| INFORMATION PROVIDED |
......

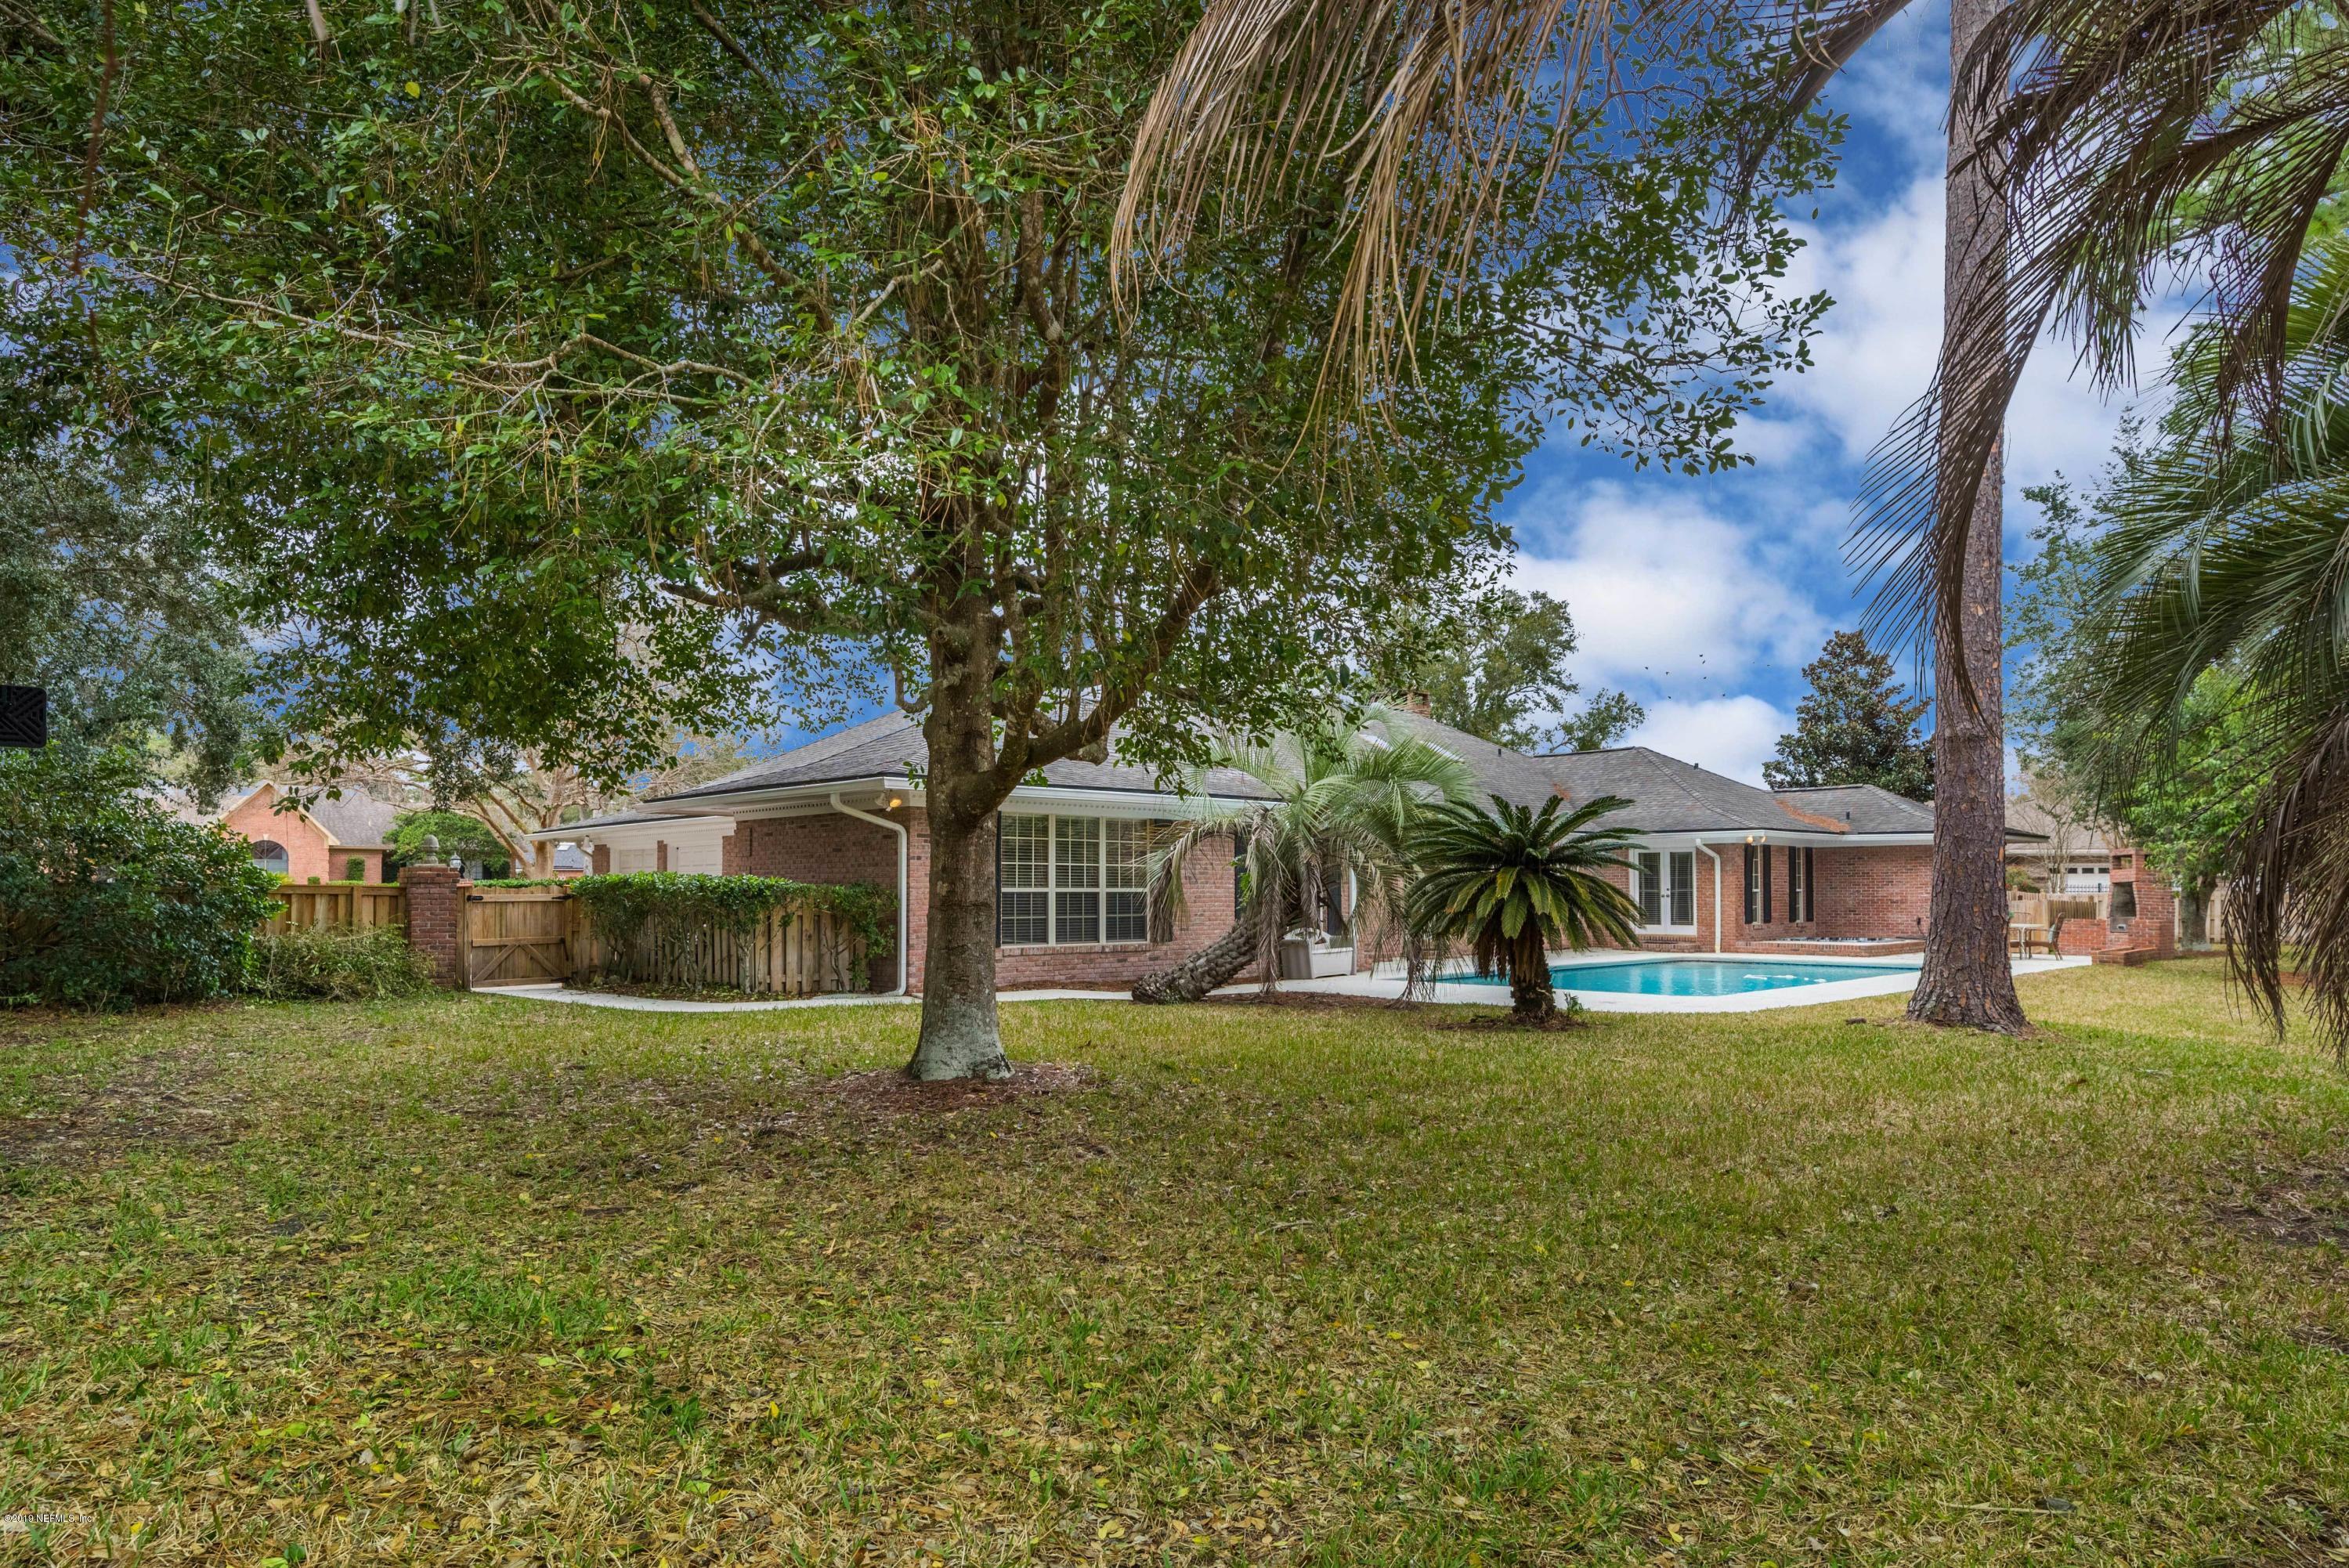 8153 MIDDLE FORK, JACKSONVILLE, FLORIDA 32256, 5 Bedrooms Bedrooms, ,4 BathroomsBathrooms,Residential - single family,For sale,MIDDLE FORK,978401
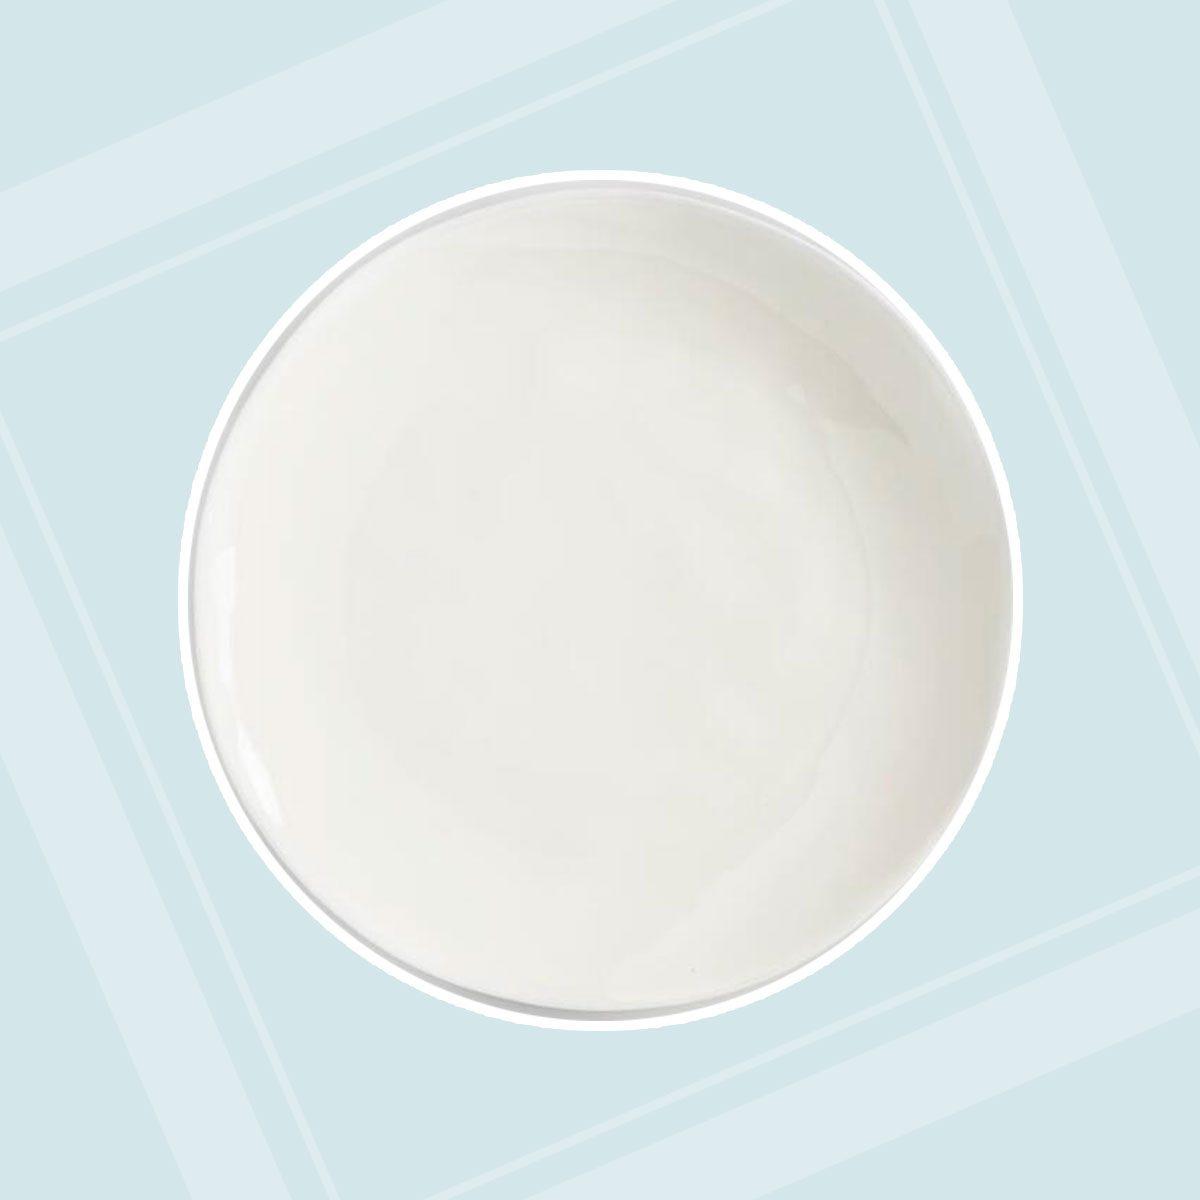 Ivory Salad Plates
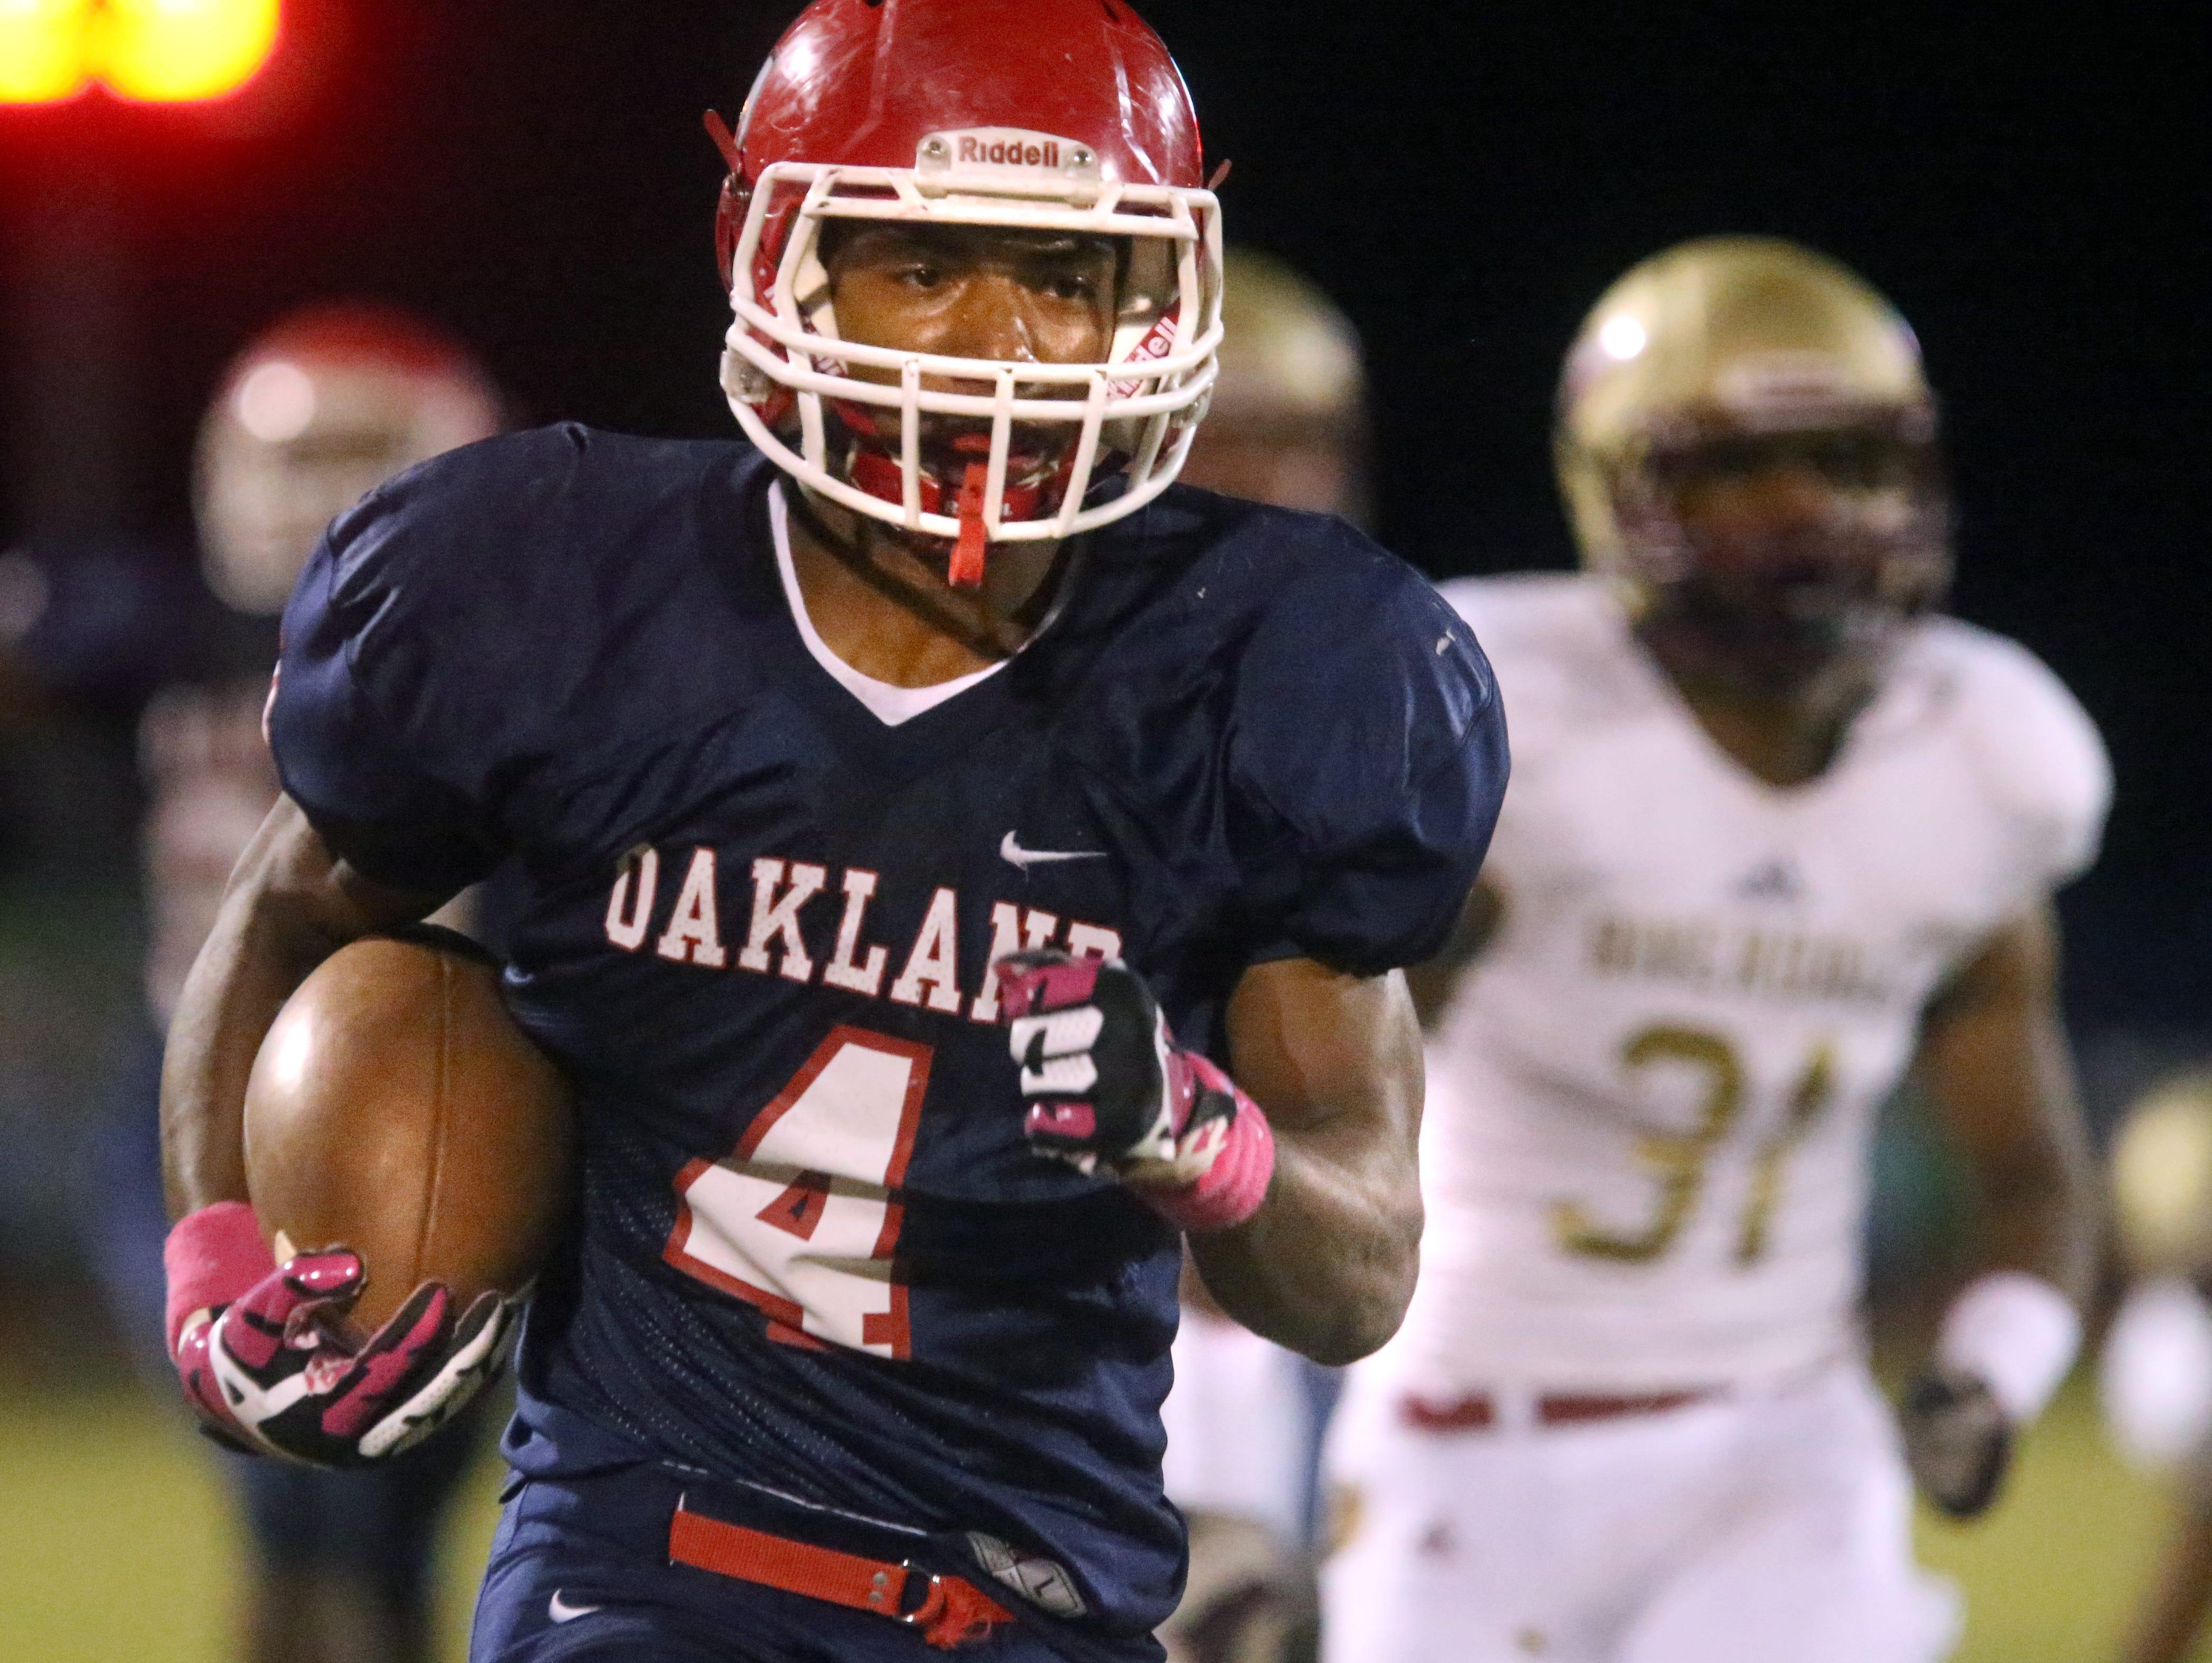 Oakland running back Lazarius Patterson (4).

......

| THE PROBLEM |
The material above must be printed exactly, with its pictures left out.

| PROBLEM SOLUTION |
 8153 MIDDLE FORK, JACKSONVILLE, FLORIDA 32256, 5 Bedrooms Bedrooms, ,4 BathroomsBathrooms,Residential - single family,For sale,MIDDLE FORK,978401
 Ivory Salad Plates
 Oakland running back Lazarius Patterson (4).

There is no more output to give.